The last dimension that concerns shared-space virtual environments is the concept of spatiality. The fundamental attributes of this dimension include containment, topology, distance, orientation and movement (4, 10). Of the above attributes movement of participants is considered necessary and lends itself to the development of distance and orientation. Movement also allows for the exploration of digital spaces and also plays a role in dynamic group formation (5).

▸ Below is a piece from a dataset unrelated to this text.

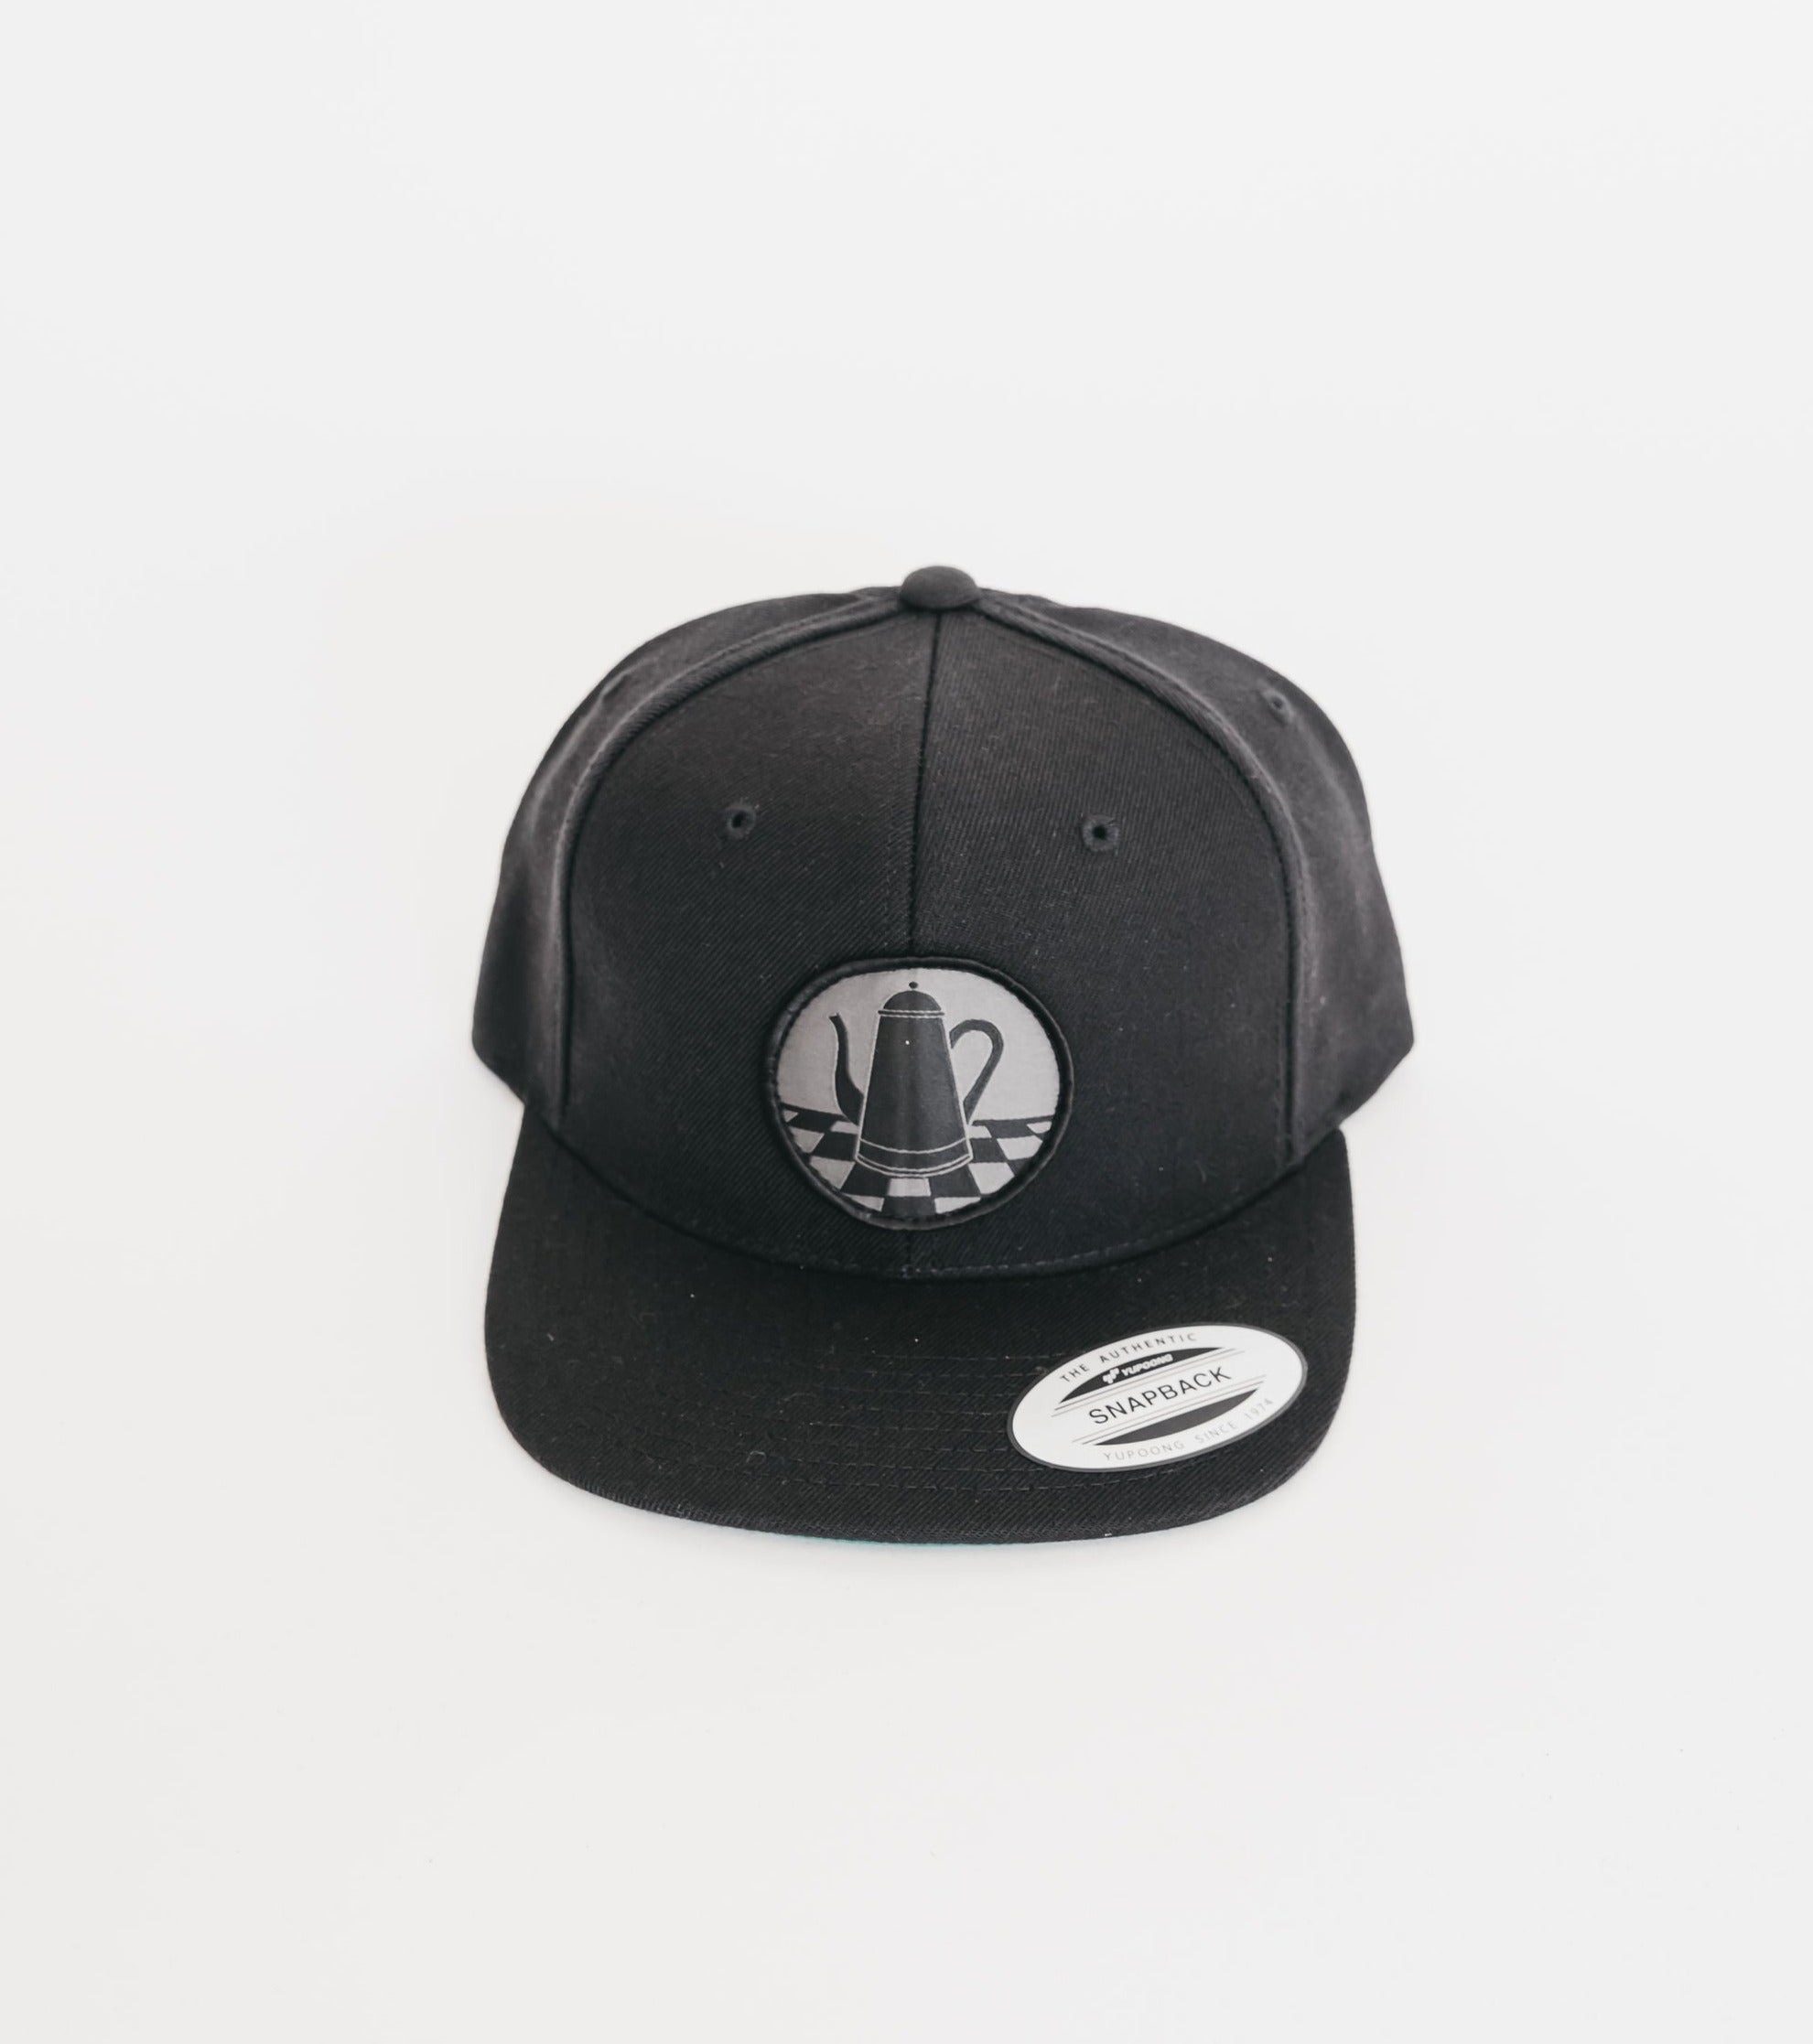 Blacked-Out Traditional Logo Snapback Hat - Black or Gray

Medical Applications and Virtual Environments
Medicine is in a state of transition whereby virtual environments and scientific visualization has furthered patient care and medical education. Virtual reality is being used to enhance medicine in four main areas: education and training, medical disaster planning and casualty care, virtual prototyping and rehabilitation and psychiatric therapy (12). The use of virtual environments is being applied to a wide range of medical disciplines, including remote and local surgery, surgical planning as well as treatment of phobias and other causes of psychological distress. It is also used for the visualization of data intensive medical record set.

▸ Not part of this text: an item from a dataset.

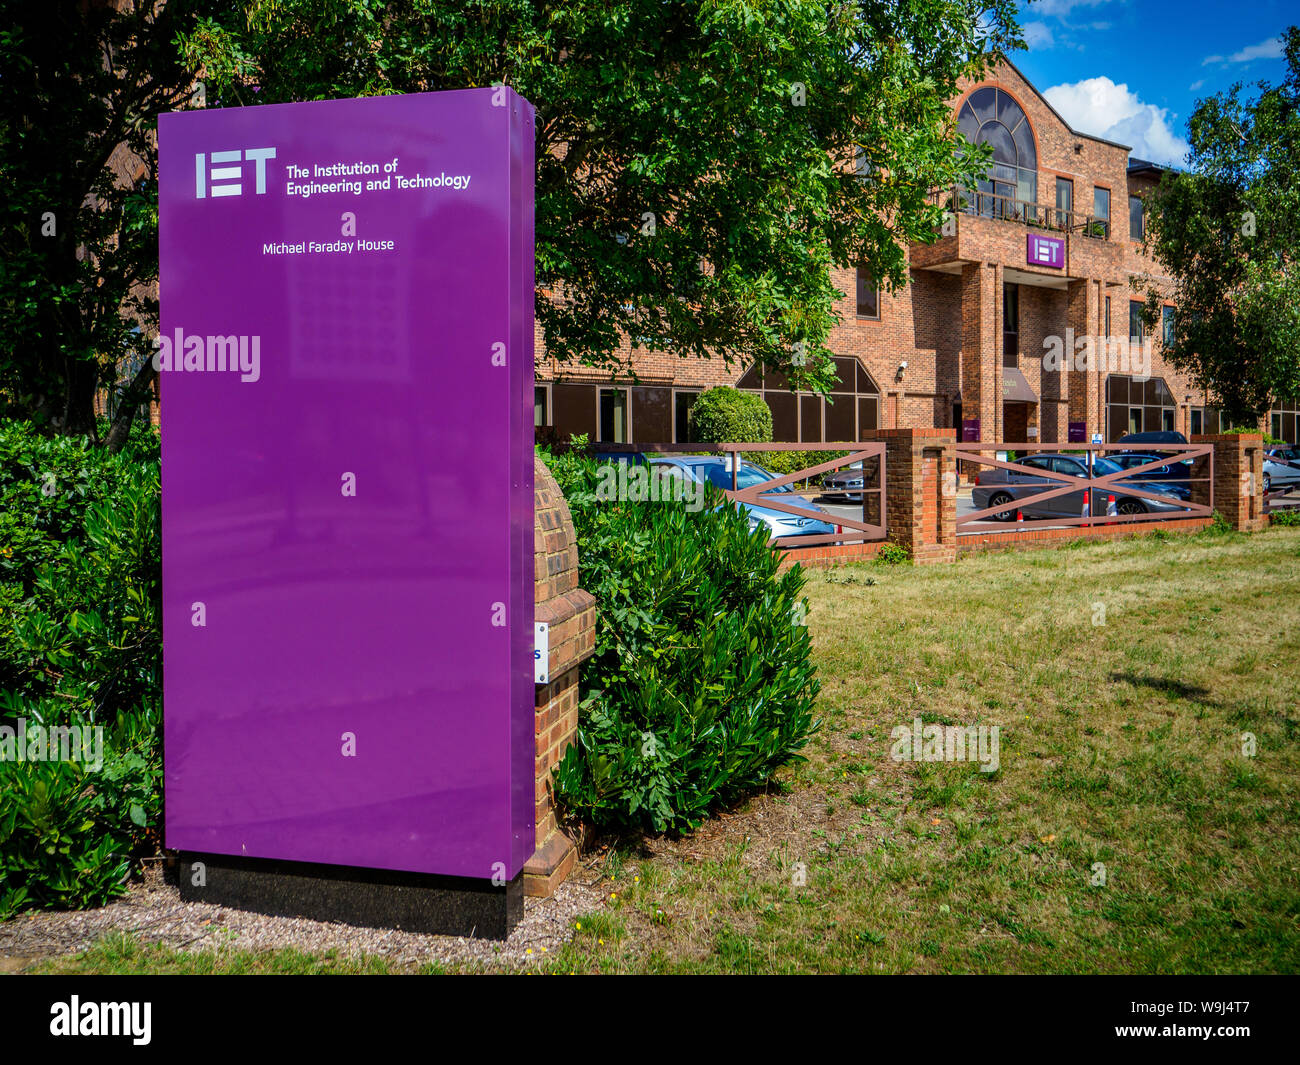 The IET - the Institution of Engineering and Technology in Stevenage UK. Founded as the Society of Telegraph Engineers in 1871 became the IET in 2006. Stock Photo

Today, surgery remains mostly a visual and manual discipline. What this amount to is that many aspects of medicine require dexterous work, or the ability match hand-eye coordination with the specific task at hand. Therefore, the use of virtual environments, especial those involved in actual surgical procedures or training in virtual simulators must mimic physical interactions with instruments, eye coordination and medical planning.
The concept that medicine is a dexterous task is central to the development of virtual medical environments. These systems must allow for delicate work of actual surgical representations that can be performed for hours on end without strain. Such systems already exist for brain and heart surgery, certain minimally invasive techniques and craniofacial repair. "Therefore, the approach of medical simulations is to bring the computer-modeled work object such as a three-dimensional medical image, a scalpel, cutting tool or laser into the user's natural work volume" (13). Additionally, as a surgeon performs dexterous work he is usually within one foot or so of his work, this affords good depth perception and reduces arm strain. So when one attempts to develop system to replace reality the above concerns must be taken into account.

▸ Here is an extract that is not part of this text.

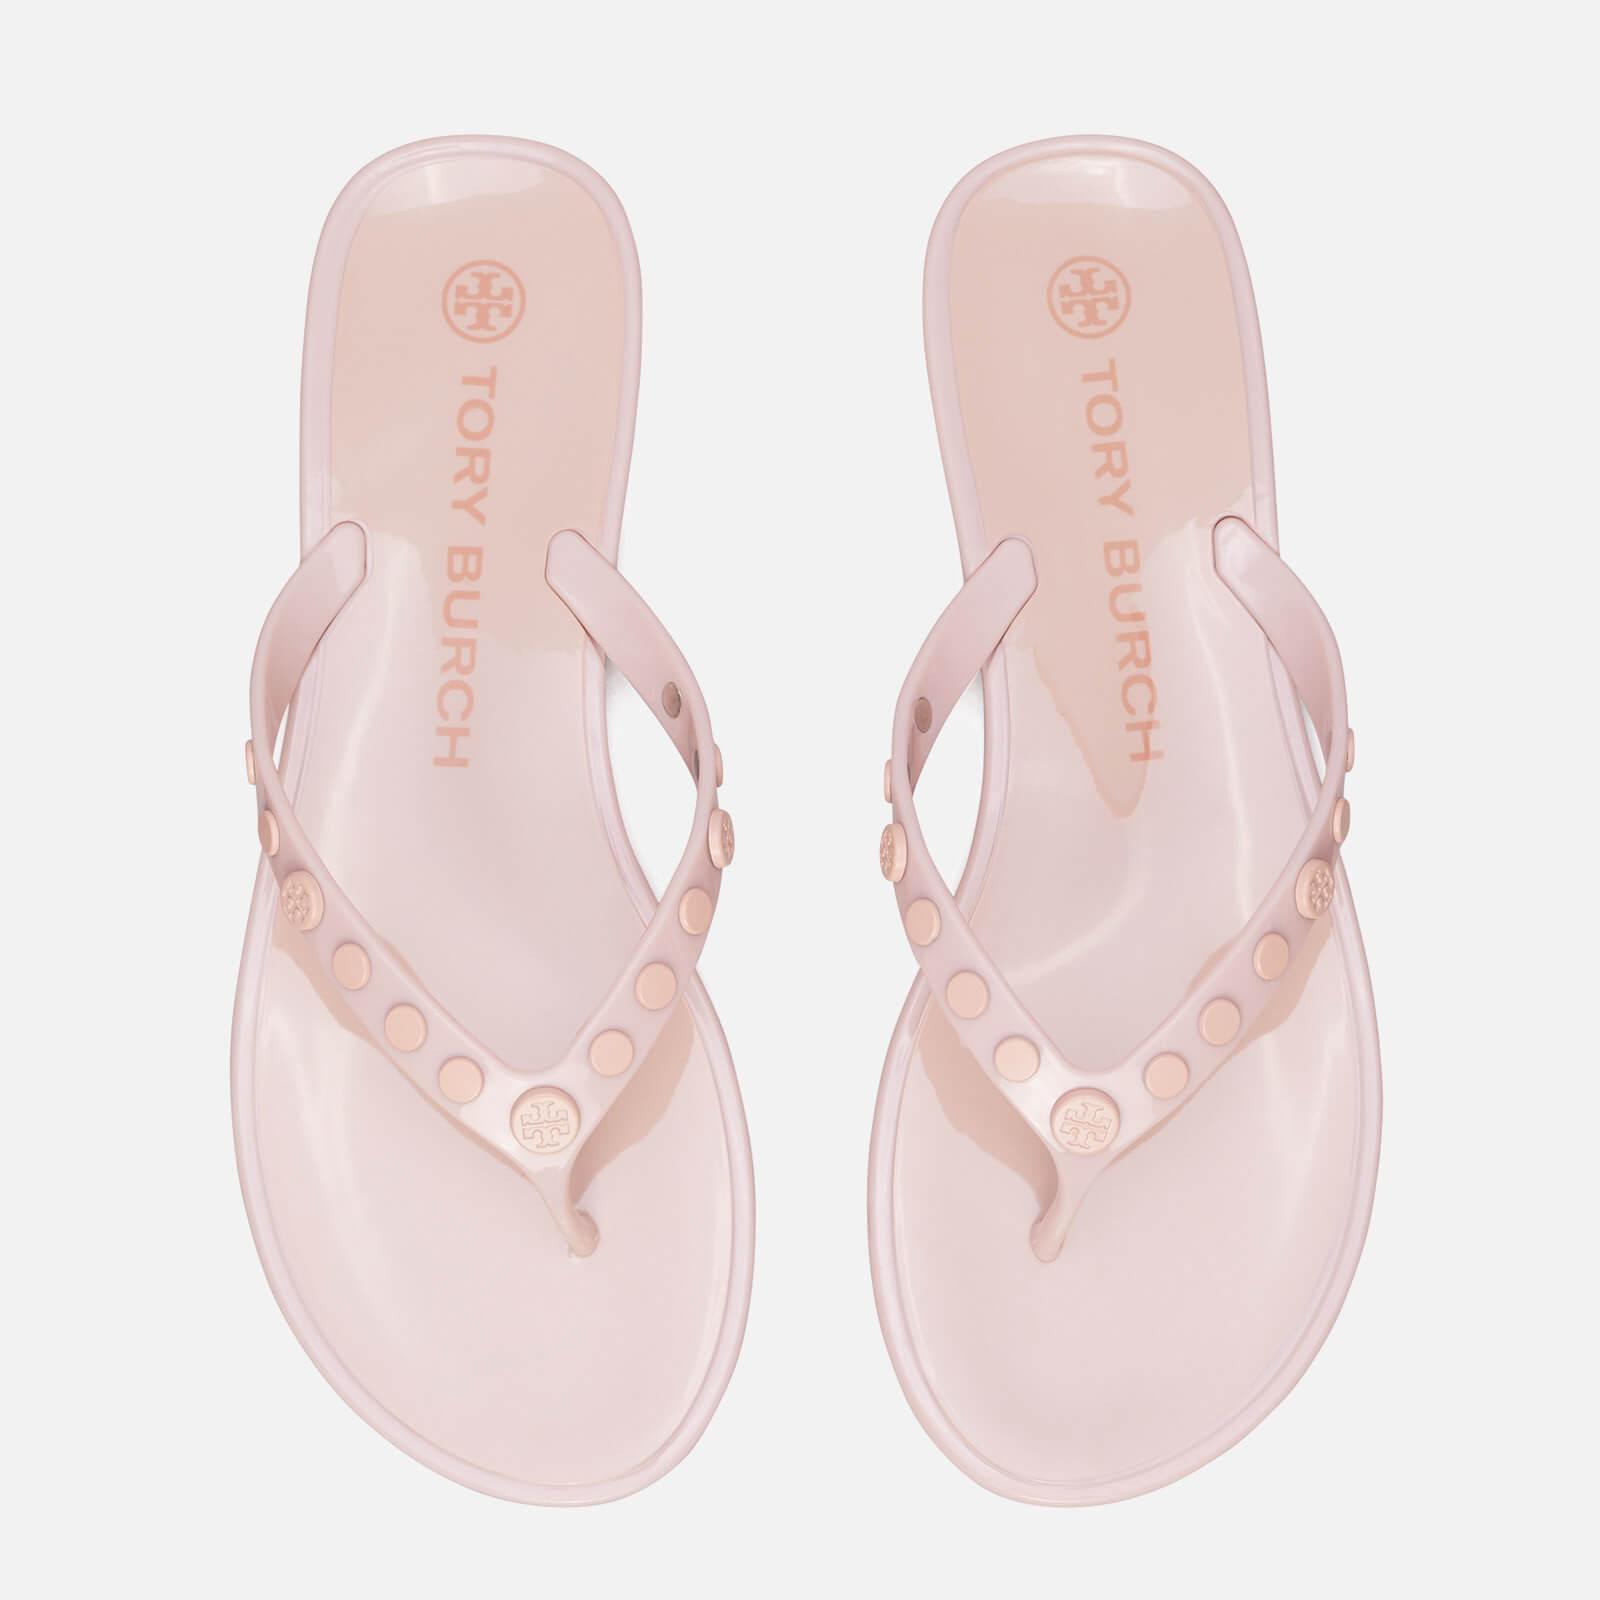 Tory Burch Studded Jelly Flip Flops in Pink | Lyst

The key to dexterity is hand eye coordination. "In the abstract, a mouse cursor seems far better than a finger, pointing more precisely at a point in the monitor screen" (13). However, in three-dimensional systems stereo vision as well as the position of the user's body is of importance. Therefore, it is both the physical state of the user's body, the position of the head and the arms as well as vision that must come together in the accomplish a given task.
When merging the user's workspace with that of the computers it is of importance that the user must be able to perceive an objects relative location and to have some sort of tactile sense for the object. The sense of touching can be accomplished through the use of a generalized tool handle this is what the user actually manipulates. The virtual tool becomes the "working end" and it may portray various surgical instruments such as a scalpel blade or a laser. "It is generally understood that if the user can see the tool and feel the tool then the perception matches" (13).